■ TRY IT:
Copy every line of the data below exactly as given, except for the pictures.

■ RECORDED DATA:

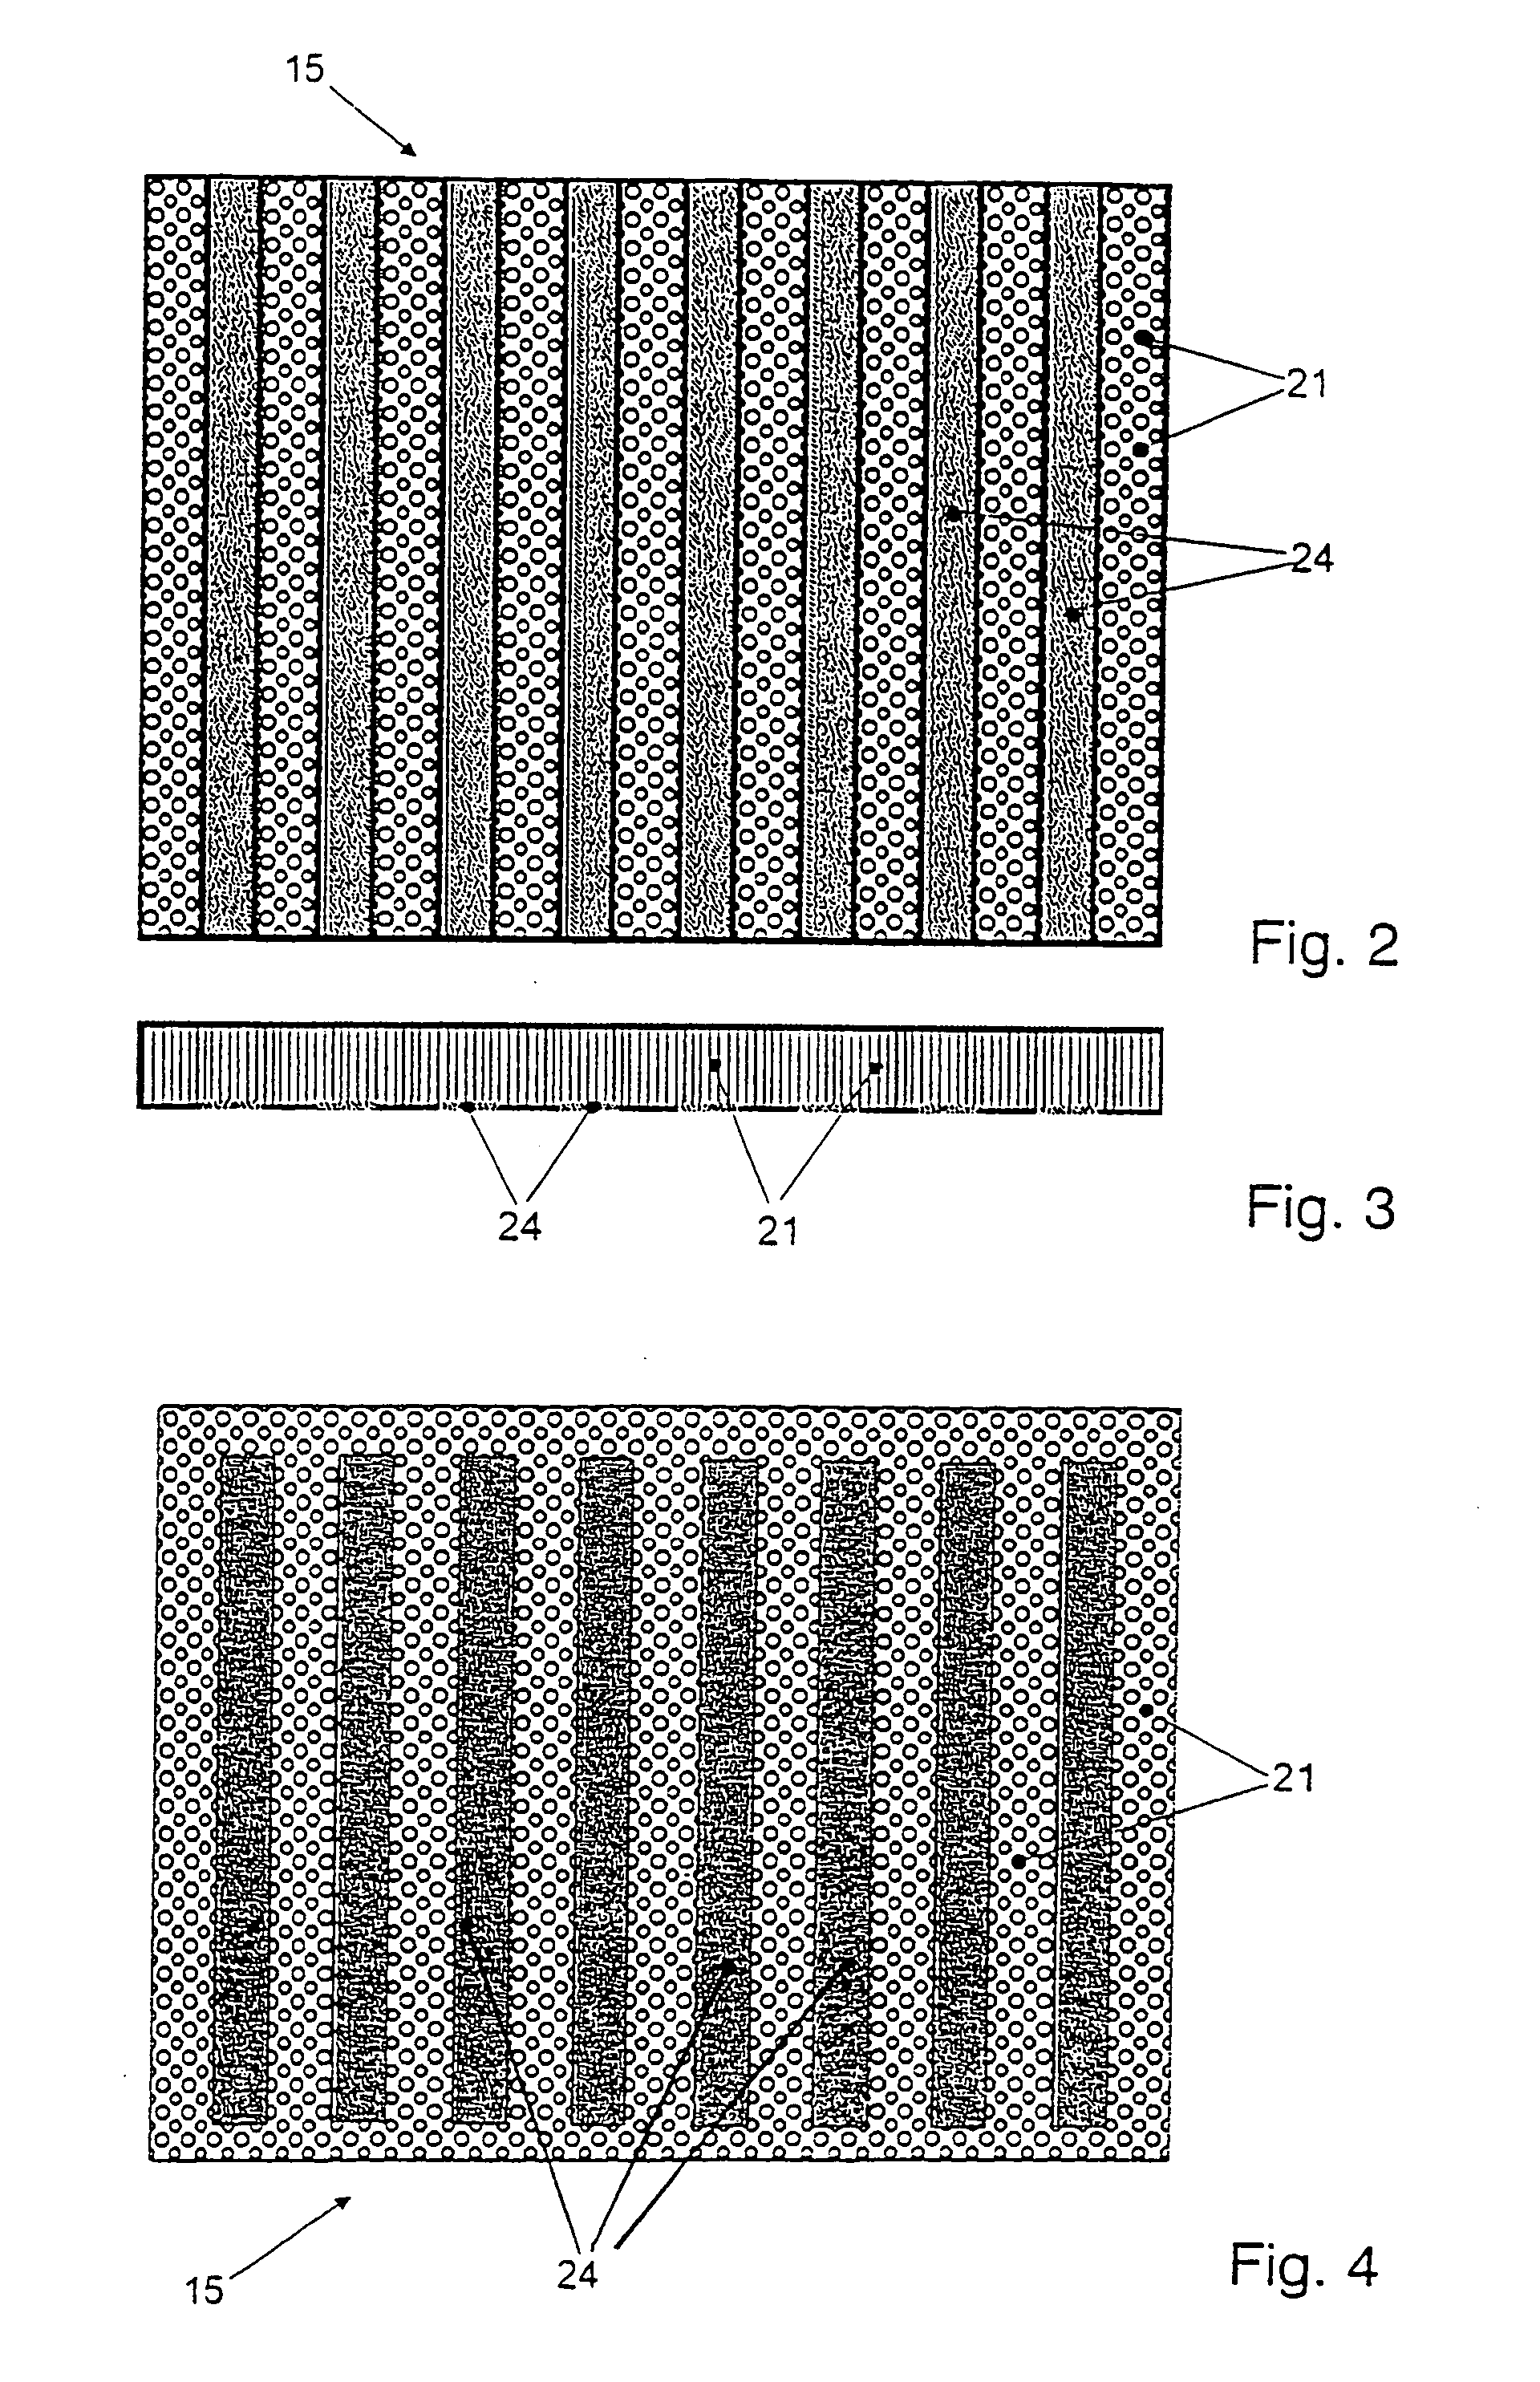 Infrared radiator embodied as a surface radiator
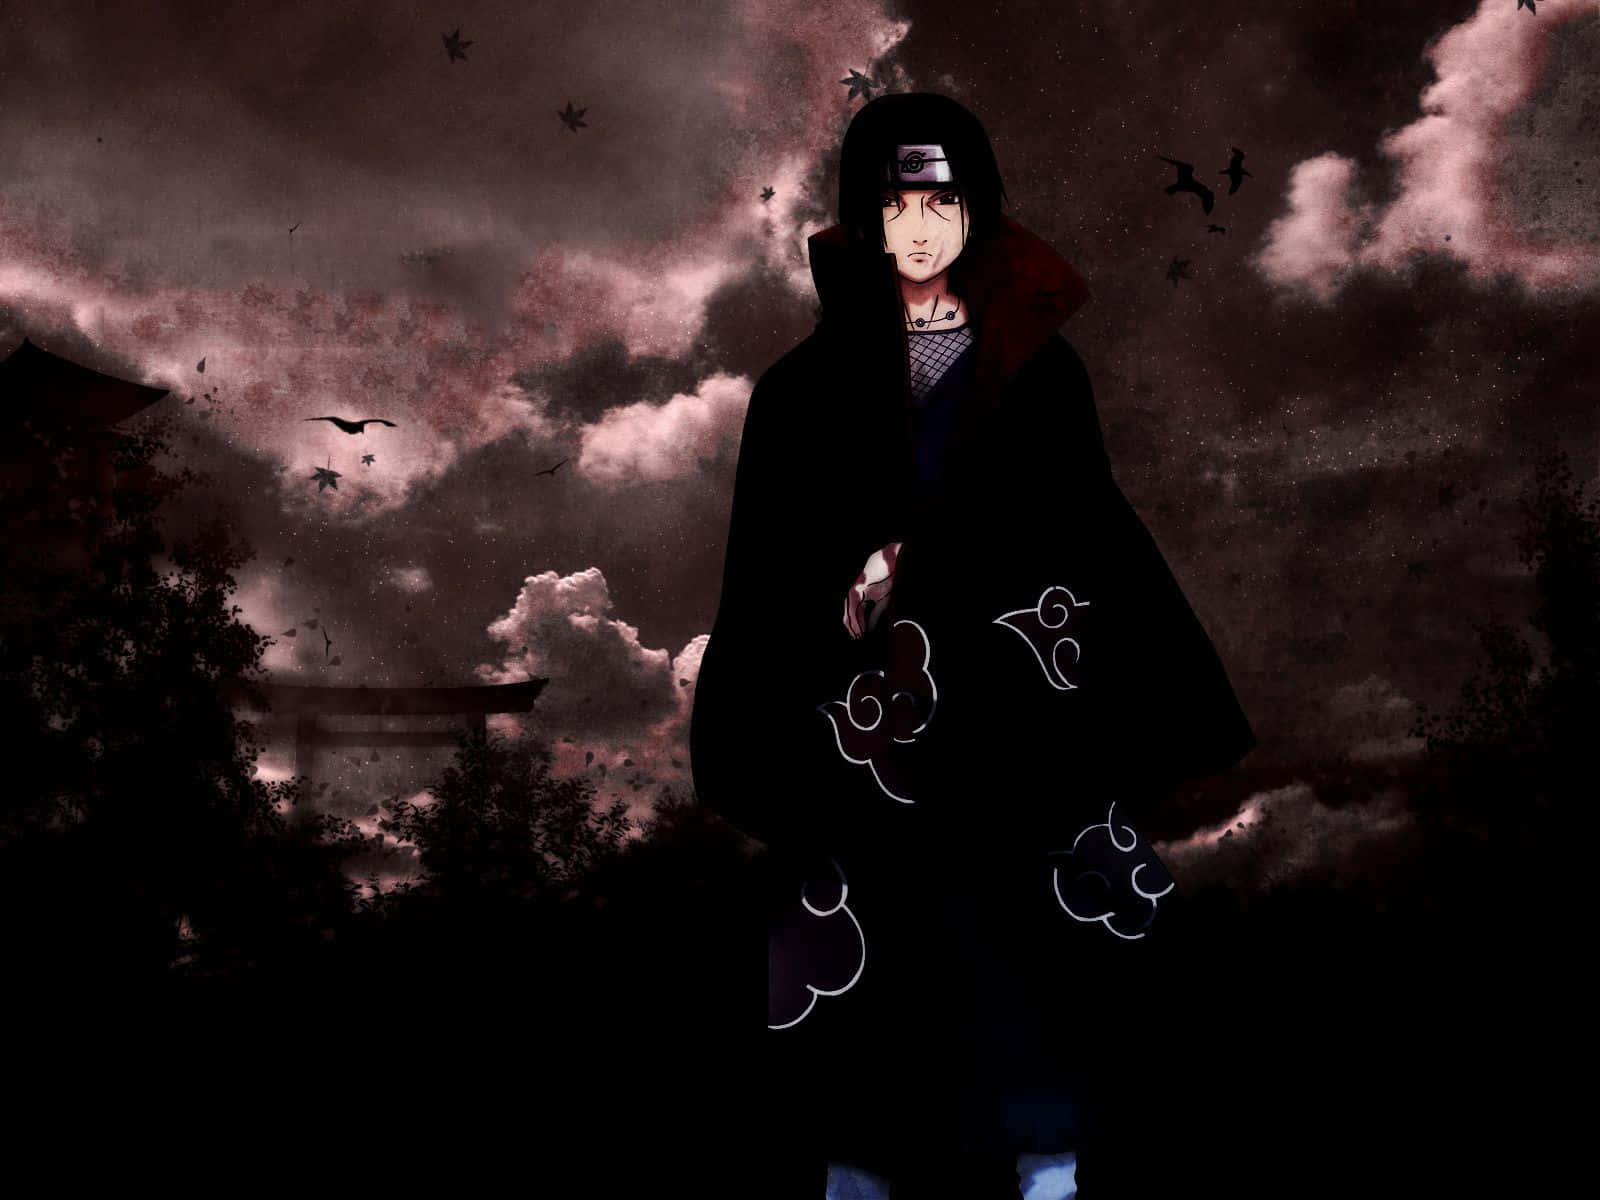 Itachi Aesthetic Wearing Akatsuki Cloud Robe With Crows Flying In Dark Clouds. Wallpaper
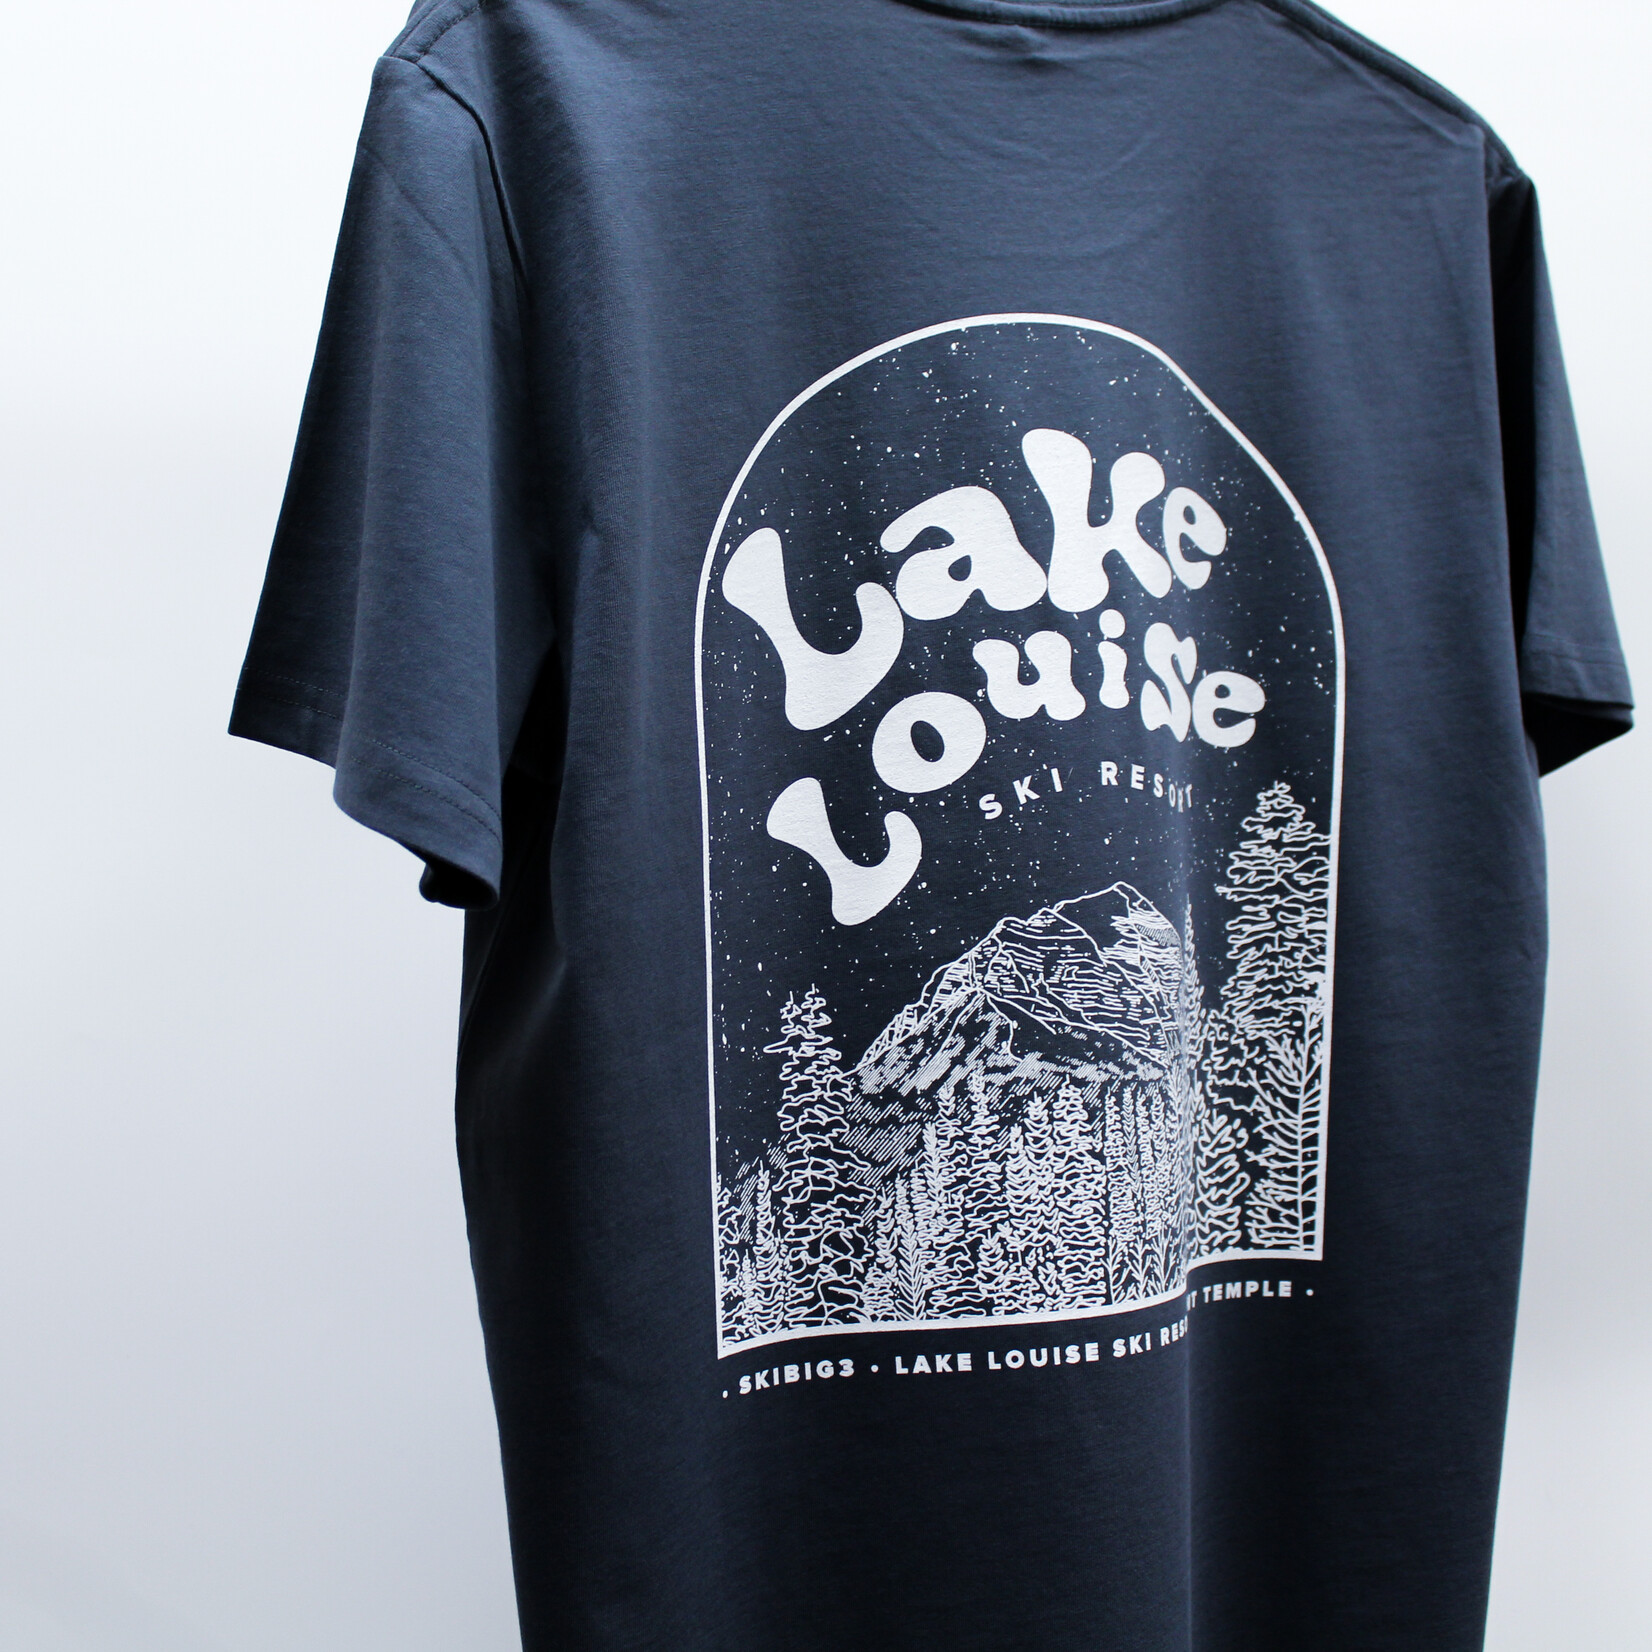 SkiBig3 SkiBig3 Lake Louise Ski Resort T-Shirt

■ OUTPUT:
 Infrared radiator embodied as a surface radiator
 Itachi Aesthetic Wearing Akatsuki Cloud Robe With Crows Flying In Dark Clouds. Wallpaper
 SkiBig3 SkiBig3 Lake Louise Ski Resort T-Shirt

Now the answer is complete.